#### Supplied information:
########################################
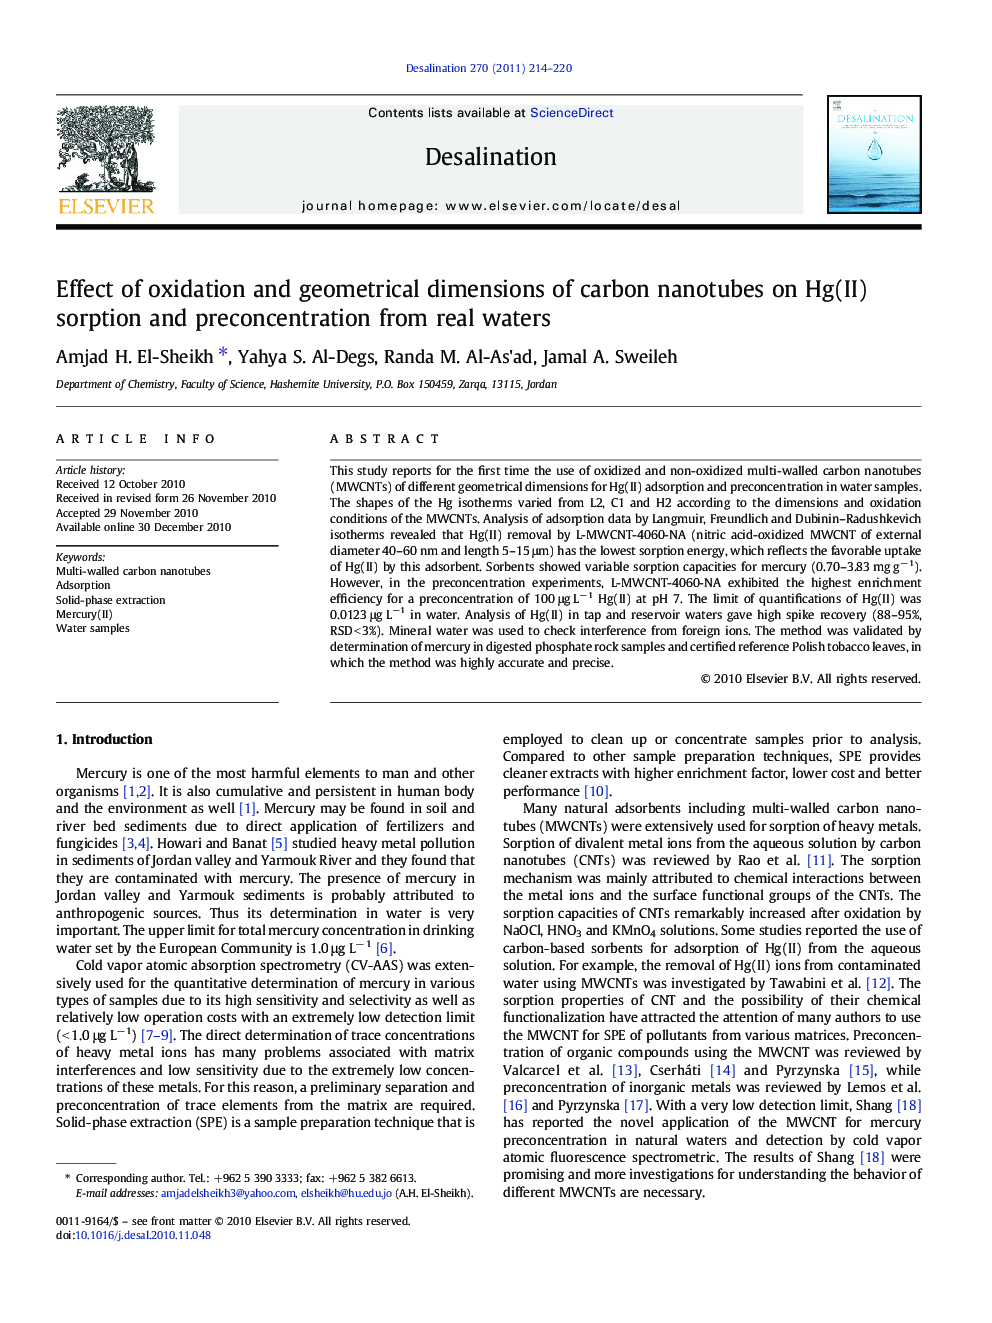 Effect of oxidation and geometrical dimensions of carbon nanotubes on Hg(II) sorption and preconcentration from real waters
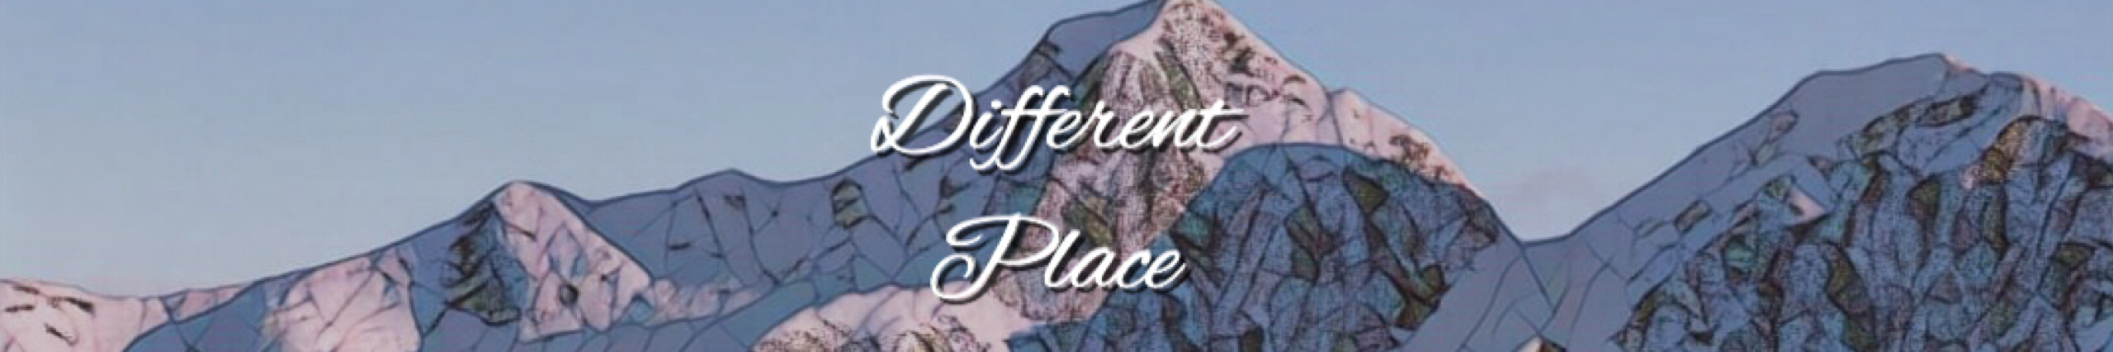 different place
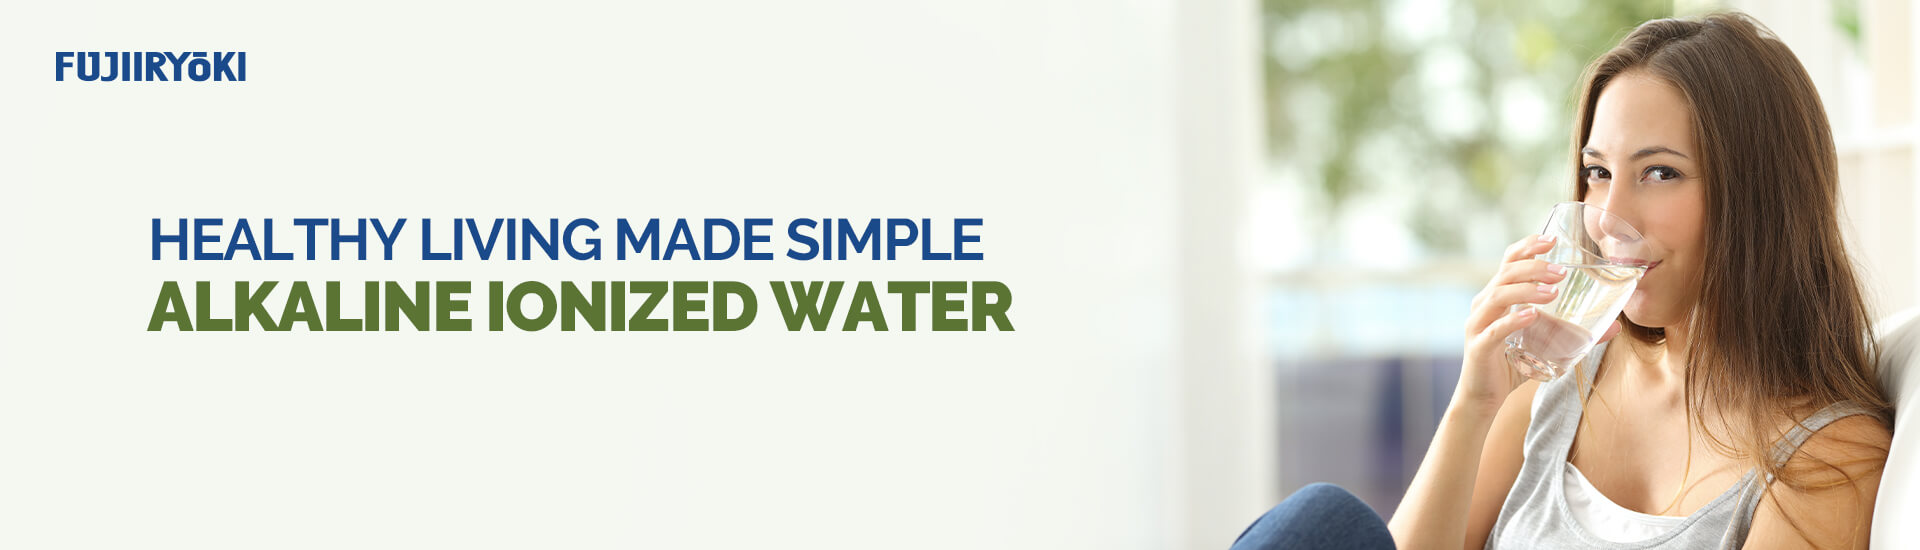 Healthy living made simple with alkaline ionized water
########################################
#### The task:
The answer is the whole listing retyped exactly, with pictures omitted.

#### Answer section:
 Effect of oxidation and geometrical dimensions of carbon nanotubes on Hg(II) sorption and preconcentration from real waters
 different place
 Healthy living made simple with alkaline ionized water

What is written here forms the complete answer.